◆ DATA EXTRACT:
===============

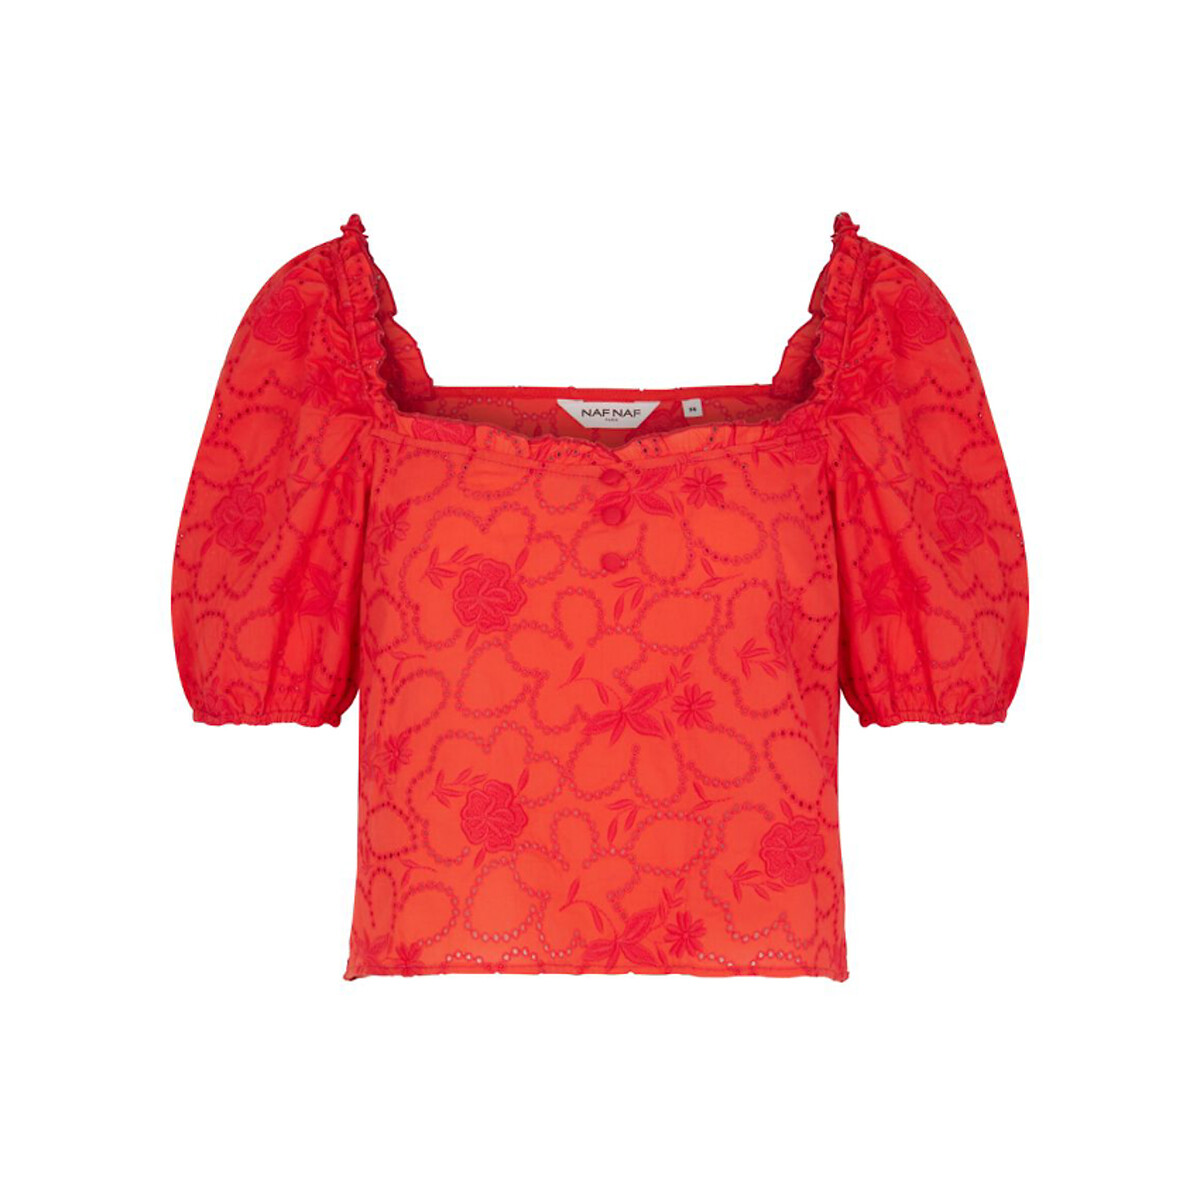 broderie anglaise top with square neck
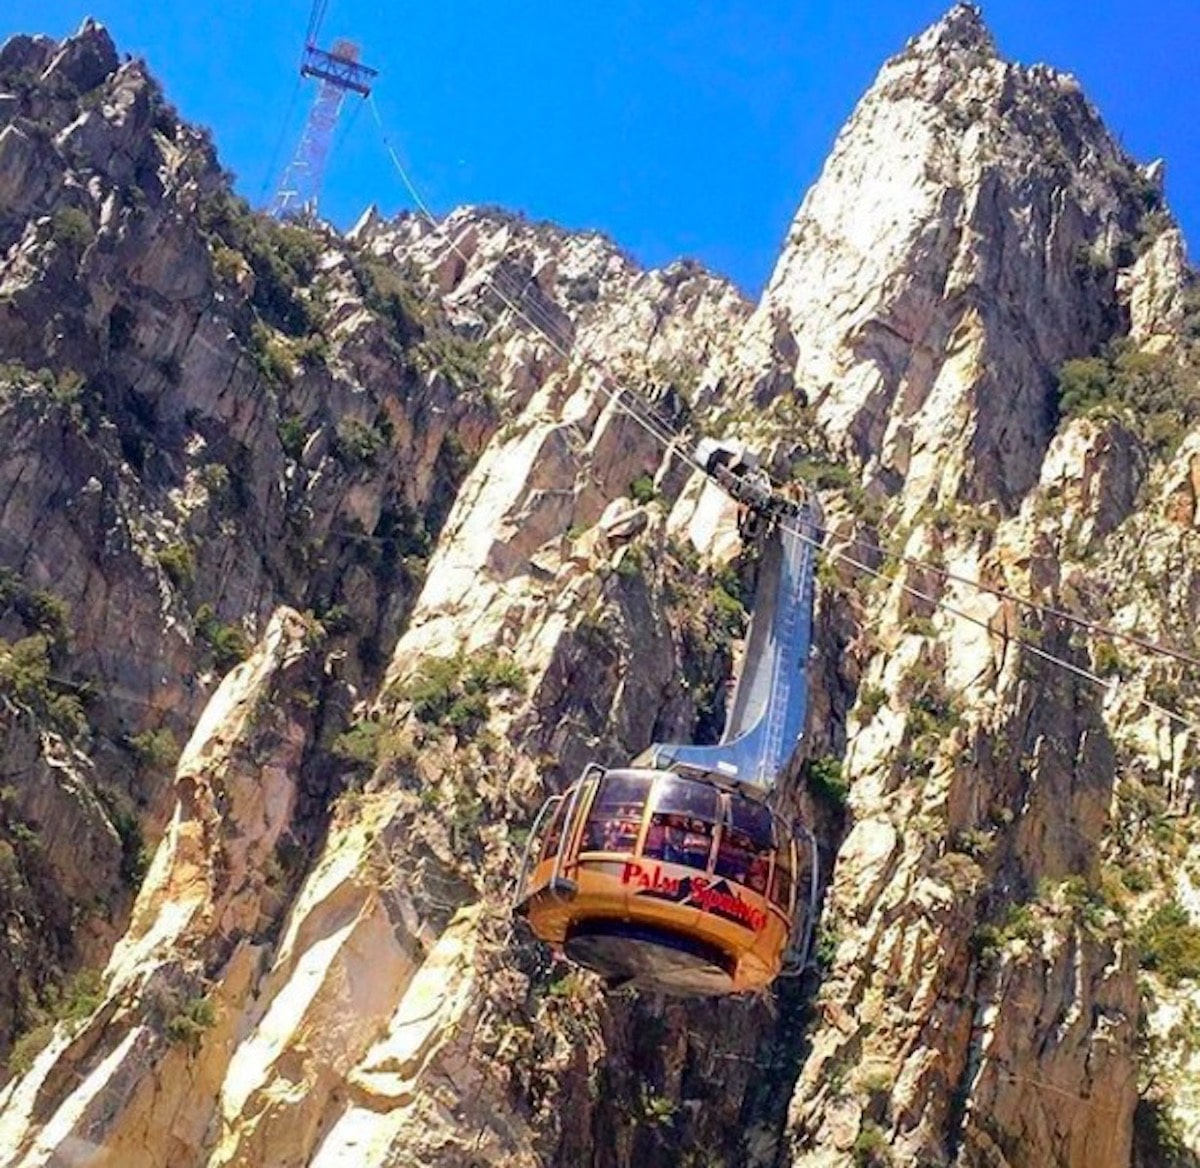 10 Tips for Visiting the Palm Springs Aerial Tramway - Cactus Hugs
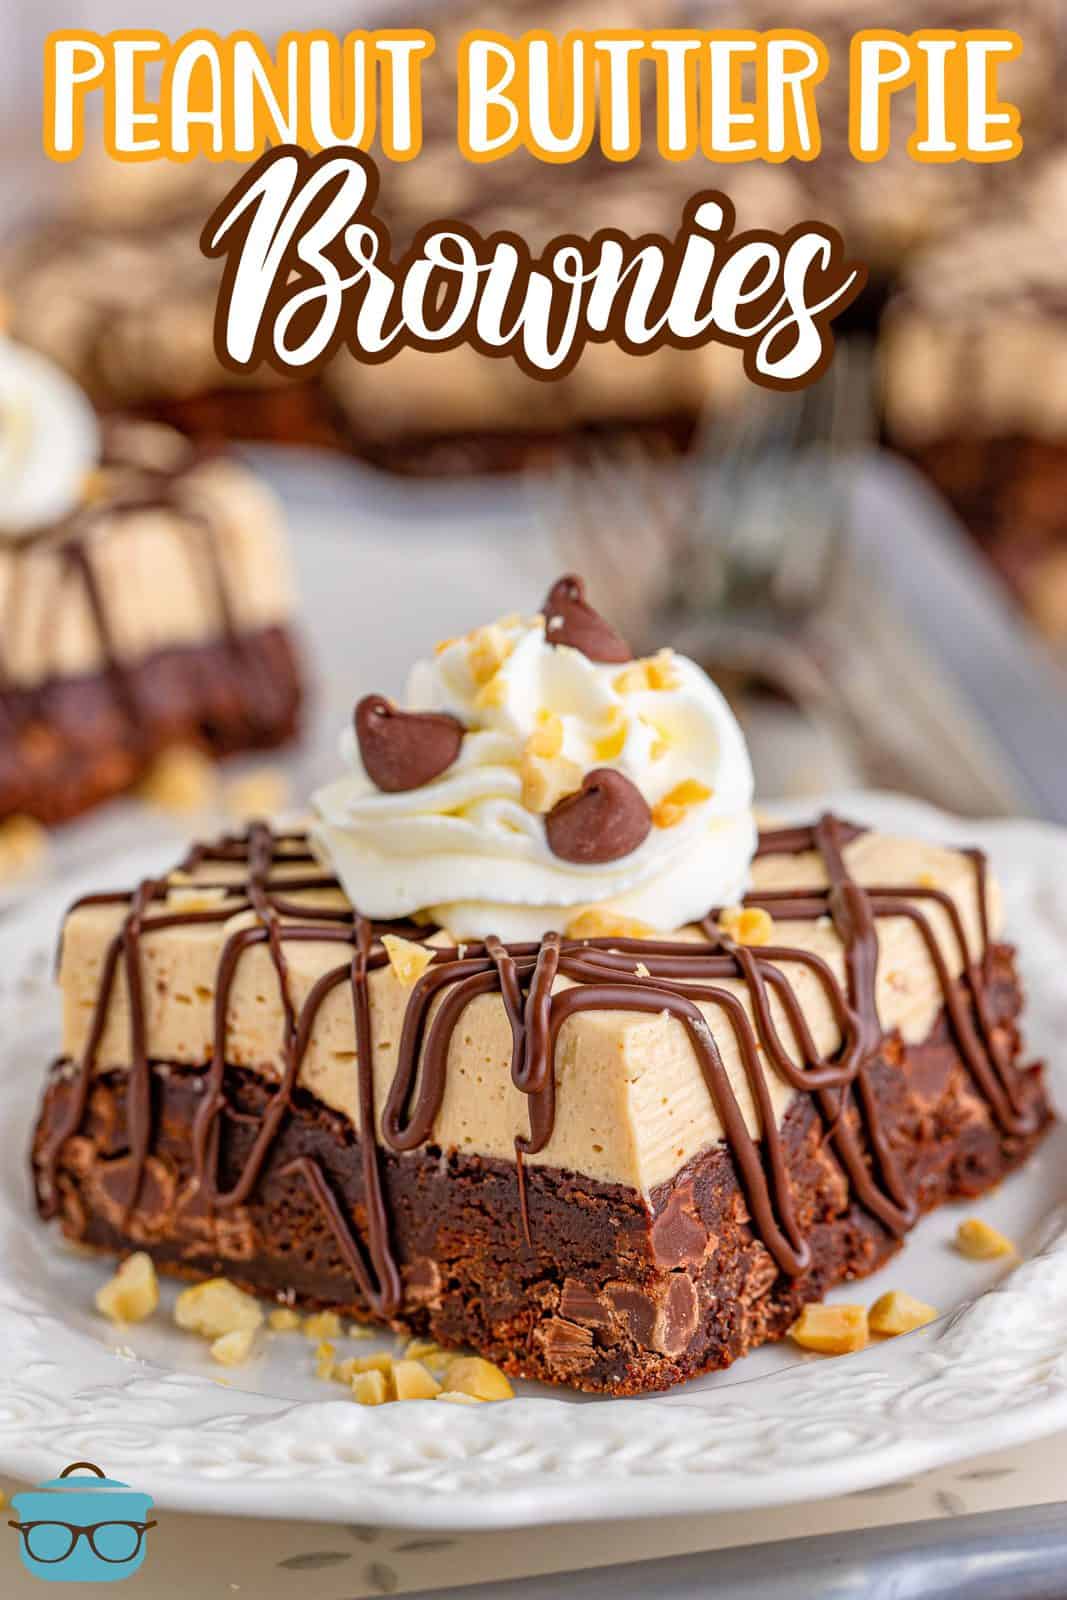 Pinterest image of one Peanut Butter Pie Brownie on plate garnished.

===============

◆ PROBLEM TO WORK ON: Output the material above exactly as written and drop any images it holds.

◆ ANSWER TO THIS PROBLEM:
 broderie anglaise top with square neck
 10 Tips for Visiting the Palm Springs Aerial Tramway - Cactus Hugs
 Pinterest image of one Peanut Butter Pie Brownie on plate garnished.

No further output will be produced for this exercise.